Google's Nano Banana Pro API has no such field, and passing one returns a 400 error (Apiyi). Google's own guidance is to use positive framing inside the prompt: "Use positive framing: Describe what you want, not what you don't want (e.g., 'empty street' instead of 'no cars')." Two architectures, two contracts, one practical rule: know which one you are talking to before writing a constraint.

For instruction-tuned models, two phrasings work:

  1. Positive reframing. "Empty street" beats "no cars." This is Google's official recommendation.
  2. Explicit declarative negation. "Do not include text, watermarks, logos, or studio reflections." Max Woolf's empirical Nano Banana testing found this works reliably, especially with ALL CAPS for critical constraints (Max Woolf).
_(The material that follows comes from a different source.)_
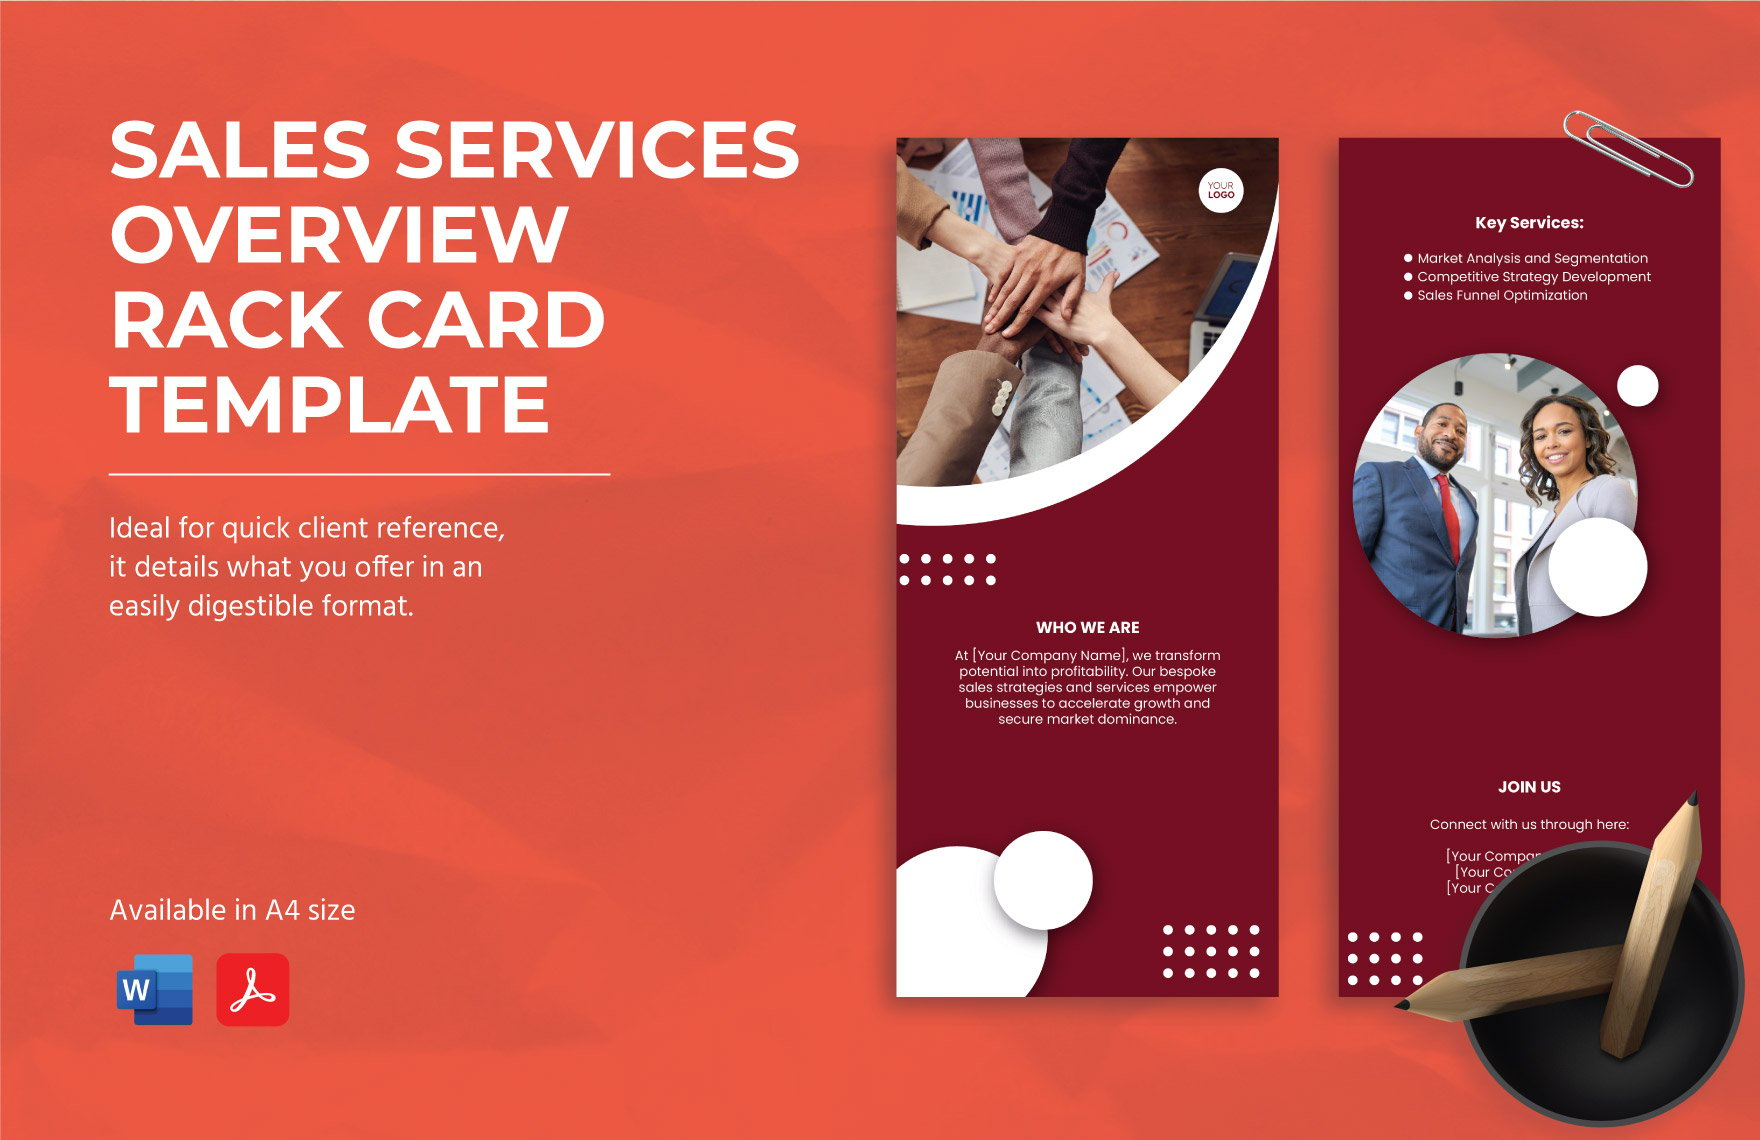 Sales Services Overview Rack Card Template
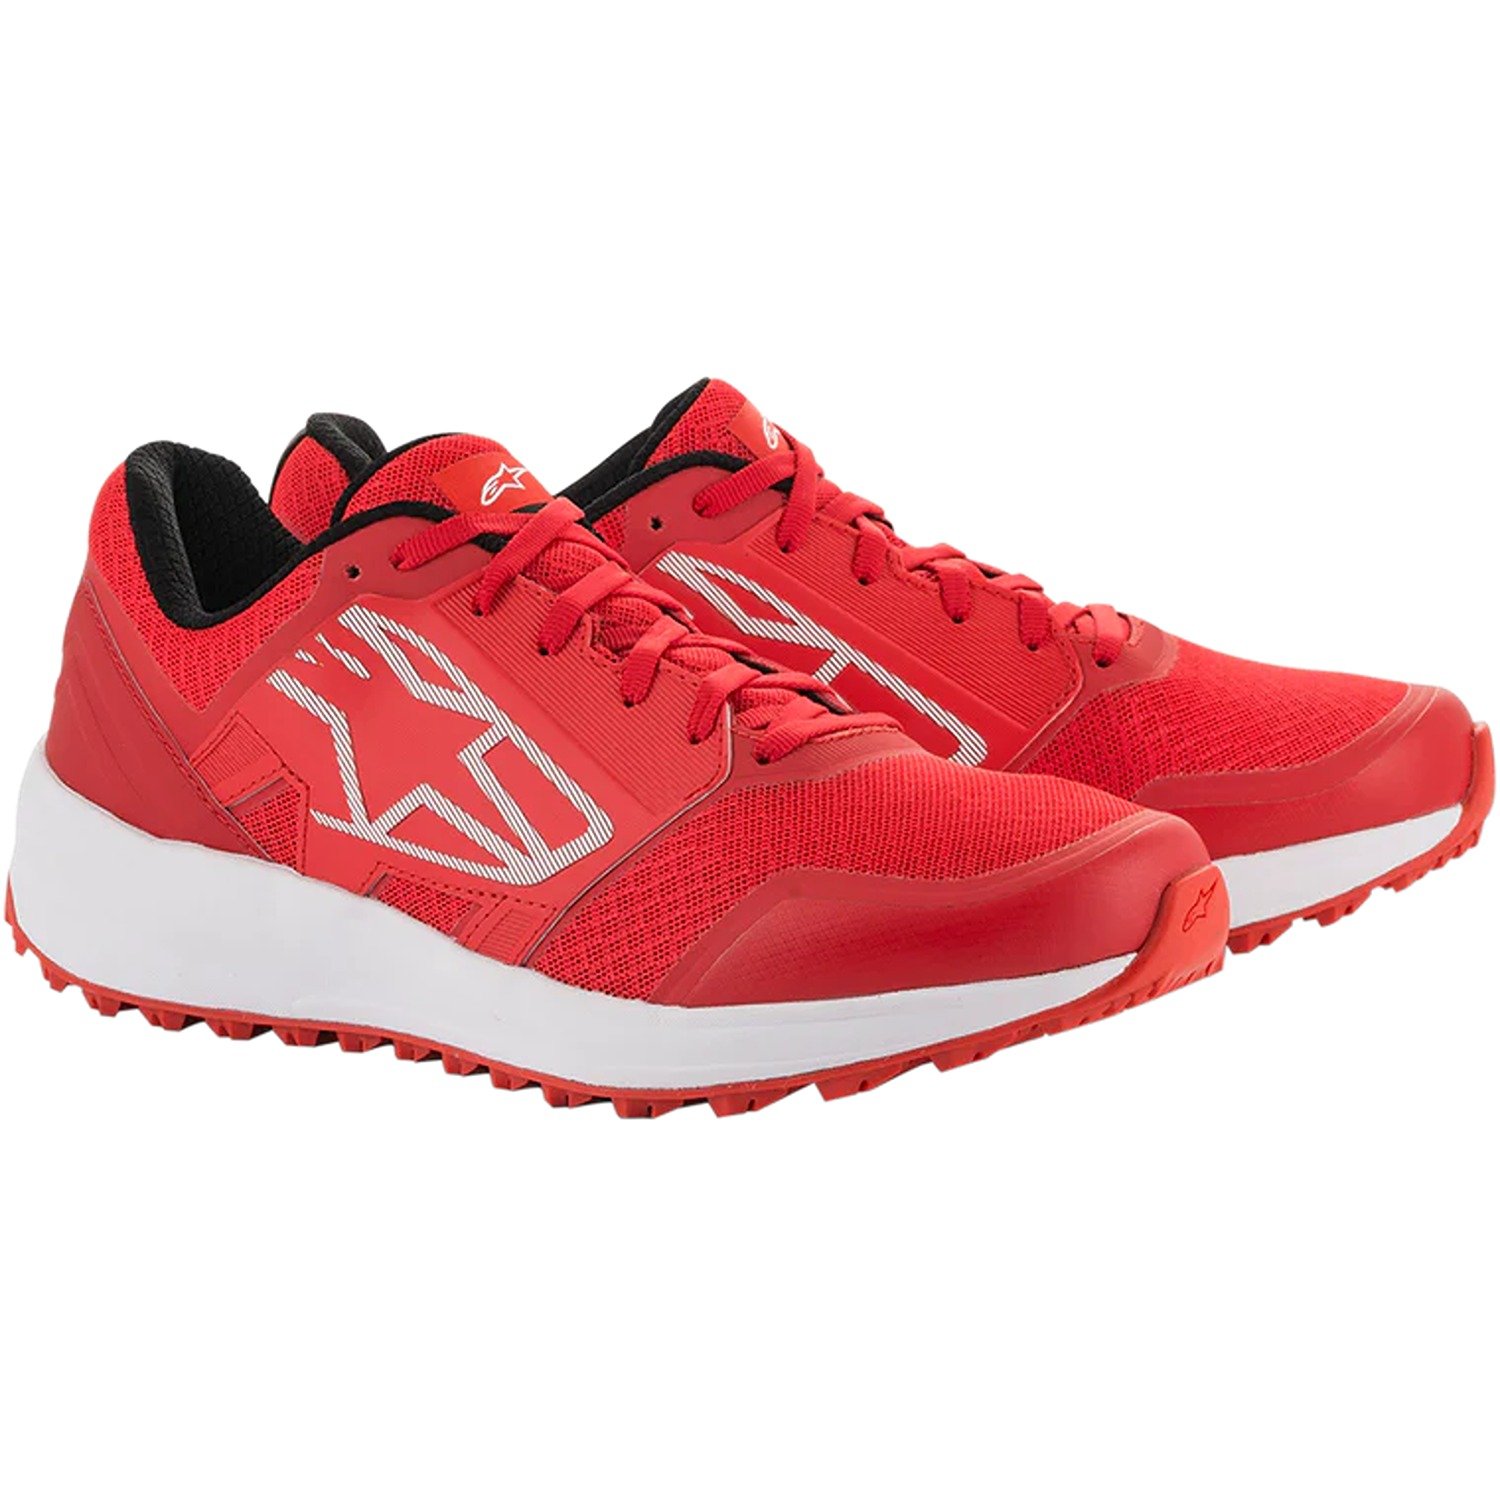 Image of Alpinestars Meta Trail Shoes Red White Size US 55 ID 8059175107665

The model-architecture matrix:

Model familySeparate negative prompt fieldInline negation phrasingRecommended pattern
Stable Diffusion / SDXL / FluxYes (CFG-based)Works as positive prompt onlyComma-separated negative keyword list in the negative field
Imagen / Nano Banana / Gemini imageNo (passing negativePrompt returns 400)Works as natural-language instructionEmbed exclusions as positive descriptions ("empty street," "no text on label")
GPT-image / DALL-E 3NoWorks as natural-language instructionSame as above; use clear declarative sentences

What it controls, what it does not

Controls: removal of common artefacts and unwanted elements, marketplace compliance language (no text, no overlays, no watermarks). Does not control: anything not present in the model's vocabulary. Telling a model "no extra fingers" cannot rescue a model that does not understand fingers; it can only bias against them.

Common failure mode

Pasting a 50-word negative prompt copied from Reddit into an instruction-tuned model that has no negative prompt field. The model either silently ignores it or, worse, treats the negative list as a positive description because the field does not exist and the prompt is concatenated. The fix is to know which architecture you are talking to and rewrite the constraint as a positive instruction for instruction-tuned models.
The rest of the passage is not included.